Das reiseerprobte Paar nutzte als Fortbewegungsmittel Bahn, Bus, Flugzeug und Mietauto, gibt aber zu bedenken: "Wenn man seine erste Rucksack-Reise mit Kind macht, wird man wahnsinnig". Schmeling würde nicht mit einem Baby Sachen ausprobieren, die sie bis dahin noch nicht gemacht hat. Nepomuk aber lernte die Blaue Moschee in Istanbul kennen, den Orient-Express und eine Kreuzfahrerburg, er lernte in Damaskus laufen und ritt auf einem Kamel.

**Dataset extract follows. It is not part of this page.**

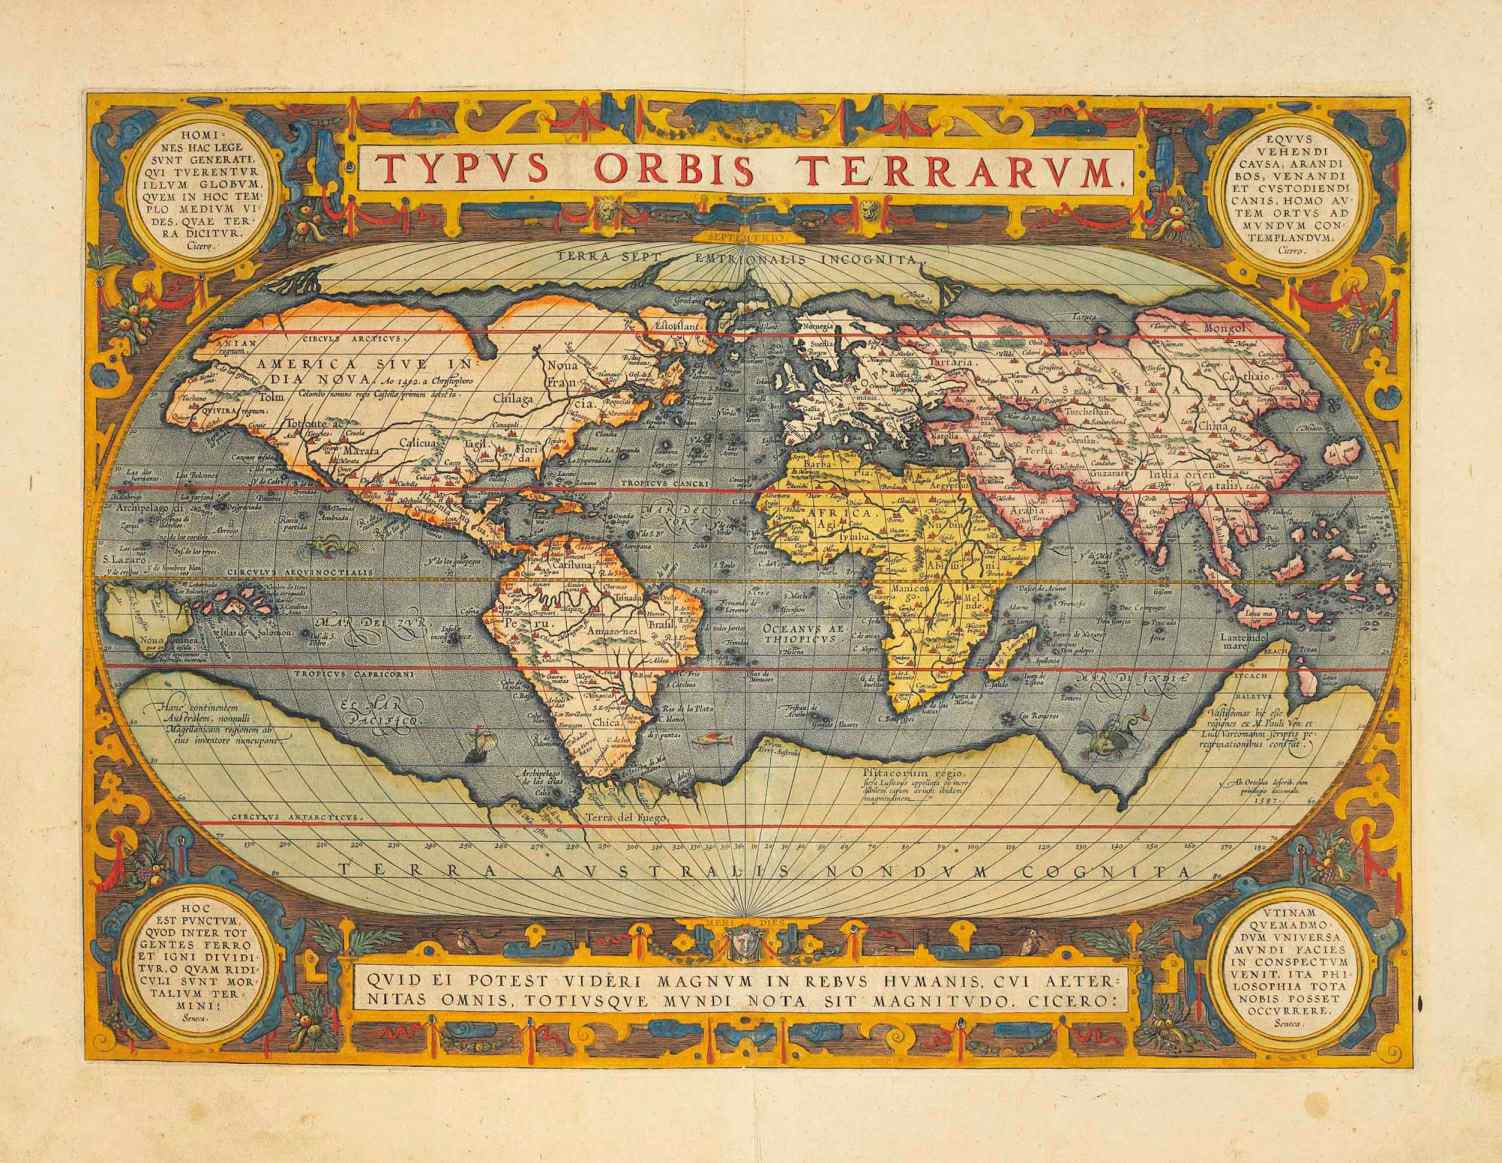 Trên bản đồ năm 1570 này, Hyperborea được hiển thị như một lục địa Bắc Cực và được mô tả là "Terra Septemtrionalis Incognita" (Vùng đất phương Bắc không xác định).

Sehr amüsant und ehrlich beschreibt Schmeling in "Abenteuer Elternzeit" ihren Alltag in einem Hamburger Szeneviertel und ihre Erlebnisse im Orient. Sie schildert auch den Zoff mit ihrem Mann über die richtige Kinderkleidung und wie sie in Teheran eine heftige, aber folgenlose Heimweh-Attacke erlitt. Der Hauptteil ihres Buches dreht sich aber um Fragen wie: Führt Elternzeit für Männer zum Karriereknick? Wie erziehen andere Kulturen ihre Kinder? Wie stressig ist eine Reise für Kinder? Schmeling lässt dabei auch Experten wie Entwicklungspsychologen, Personalberater und Tropenmediziner in Interviews zu Wort kommen.

Erfahrungsberichte von Familien, die zwar nicht in den Iran, aber etwa nach Kanada, Neuseeland, Kopenhagen oder Thailand reisten, machen das Taschenbuch endgültig zu einem gut zu lesenden und umfassenden Ratgeber für diejenigen, die ihre Kinder auf Reisen als Bereicherung empfinden - und die ihre Elternzeit als Abenteuer erleben wollen. Auf ihrer Webseite Nepomuks Reisen  gibt Schmeling zusätzlich Tipps zu den Reisezielen auf der Seidenstraße und will ein Austauschforum für Eltern mit Fernweh bieten.

"Elternzeit hat uns als Paar gut getan"

Zwei Monate Seidenstraße waren für Inka Schmeling und ihre Familie nicht nur eine neue Reiseerfahrung. Die intensive Zeit zu dritt wirkt auch ein Jahr später noch nach: "Unterwegs haben wir viele Sachen ausdiskutiert und philosophiert, wir haben es neu sortiert - und das ist größtenteils geblieben. Die Grundfragen haben sich in den Alltag rübergerettet." Die Versorgung des Kindes sei nun nicht mehr primär ihre Sache, sondern werde wirklich geteilt. Die Elternzeit hat ihr und ihrem Mann als Paar gut getan.

Nur Baby Nepomuk schien von seiner ersten Fernreise einen "Schaden" davongetragen zu haben: Unterwegs hatte der Junge sich daran gewöhnt, mit den Menschen zu flirten und von ihnen mit Küssen und Knuffen bedacht zu werden, erzählt Schmeling. Nach der Heimkehr nach Hamburg aber habe er sich manchmal erstaunt umgeblickt, "warum ihm die Leute nicht mehr hinterher pfeifen".